The present thesis treats the numerical simulation of immiscible incompressible two-phase flows with moving contact lines. The conventional Navier–Stokes equations combined with a no-slip boundary condition leads to a non-integrable stress singularity at the contact line. The singularity in the model can be avoided by allowing the contact line to slip. Implementing slip conditions in an accurate way is not straight-forward and different regularization techniques exist where ad-hoc procedures are common. This thesis presents the first steps in developing the macroscopic part of an accurate multiscale model for a moving contact line problem in two space dimensions. It is assumed that a micro model has been used to determine a relation between the contact angle and the contact line velocity. An intermediate region is introduced where an analytical expression for the velocity field exists, assuming the solid wall is perfectly flat. This expression is used to implement boundary conditions for the moving contact line, at the macroscopic scale, along a fictitious boundary located a small distance away from the physical boundary. Model problems where the shape of the interface is constant throughout the simulation are introduced. For these problems, experiments show that the errors in the resulting contact line velocities converge with the grid size h at a rate of convergence p ≈ 2. Further, an analytical expression for the velocity field in the intermediate region for the case with a curved solid wall is derived. The derivation is based on perturbation analysis.

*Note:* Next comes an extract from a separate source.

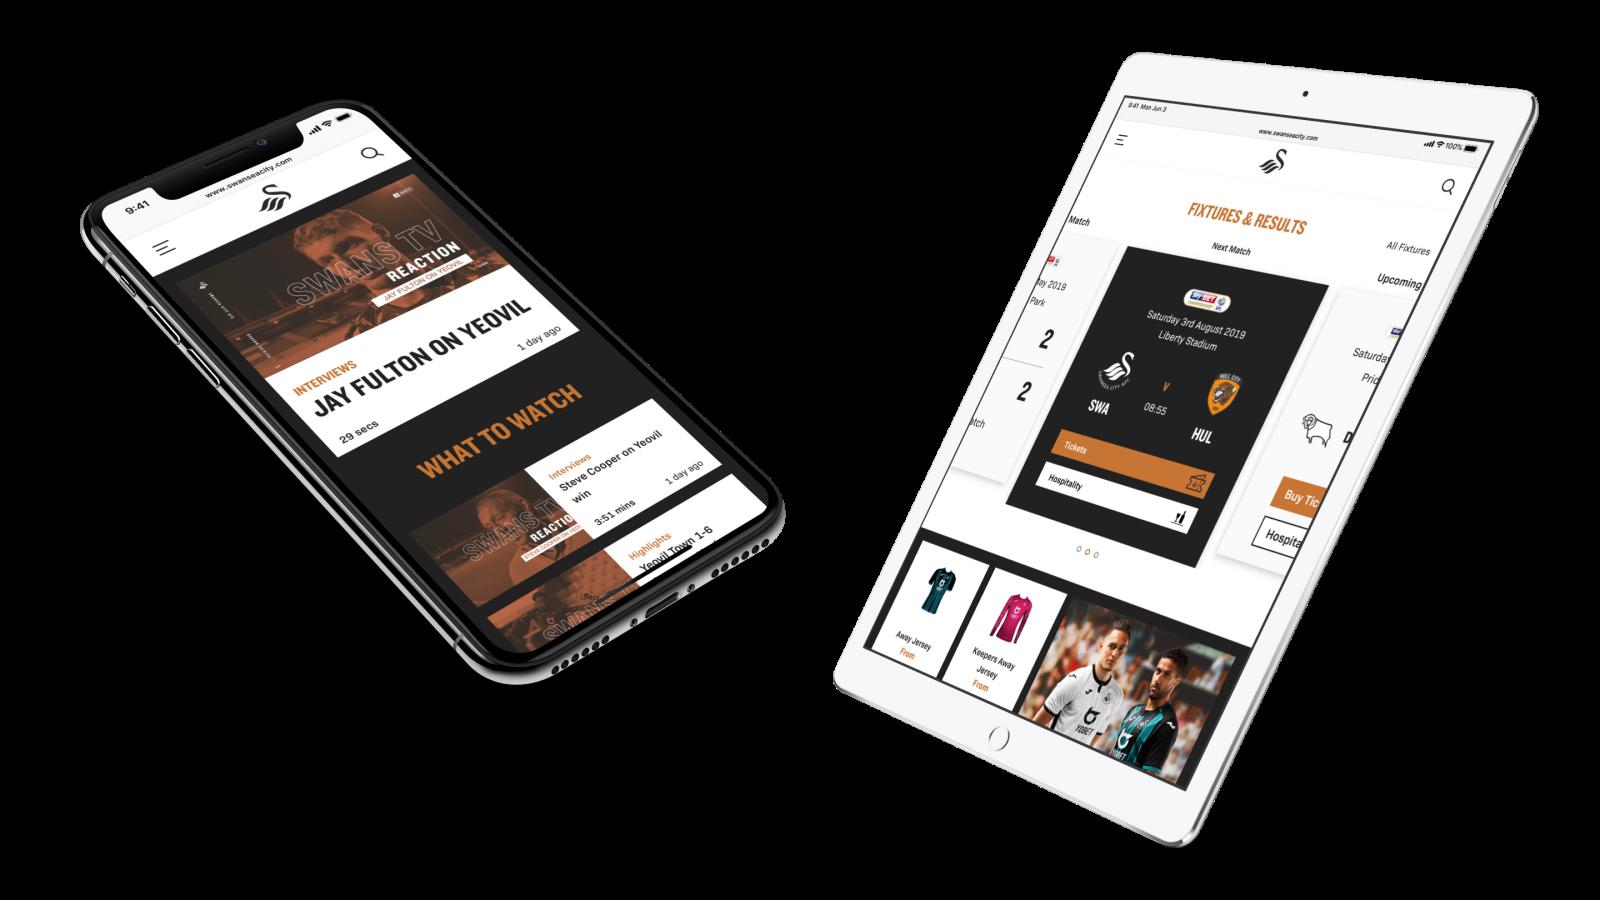 Swansea City Fc App Website Other Media

Moving contact line problems appear in many natural and industrial processes. A contact line is formed where the interface between two immiscible fluids meets a solid wall. Examples from everyday life include raindrops falling on a window and water bugs resting on water surfaces. In many cases the dynamics of the contact line affects the overall behavior of the system. Industrial applications where the contact line behavior is important include gas and oil recovery in porous media, lubrication, inkjet printing and microfluidics. Computer simulations are fundamental tools to understand and predict the behavior.  

In this thesis we look at numerical simulations of dynamic contact line problems. Despite their importance, the physics of moving contact lines is poorly understood. The standard Navier-Stokes equations together with the conventional no-slip boundary condition predicts a singularity in the shear stresses at the contact line. Atomistic processes at the contact line come into play, and it is necessary to include these processes in the model to resolve the singularity. In the case of capillary driven flows for example, it has been observed that the microscopic contact line dynamics has a large impact on the overall macroscopic flow.

In Paper I we present a new multiscale model for numerical simulation of flow of two immiscible and incompressible fluids in the presence of moving contact points (i.e. two-dimensional problems). The paper presents a new boundary methodology based on combining a relation between the apparent contact angle and the contact point velocity, and a similarity solution for Stokes flow at a planar interface (the analytic Huh and Scriven velocity). The relation between the angle and the velocity is determined by performing separate microscopic simulations.

The classical Huh and Scriven solution is only valid for flow over flat walls. In Paper II we use perturbation analysis to extend the solution to flow over curved walls. Paper III presents the parallel finite element solver that is used to perform the numerical experiments presented in this thesis. Finally, the new multiscale model (presented in Paper I) is applied to a relevant microfluidic research problem in Paper IV. For this problem it is very important to have a model that accurately takes the atomistic effects at contact lines into account.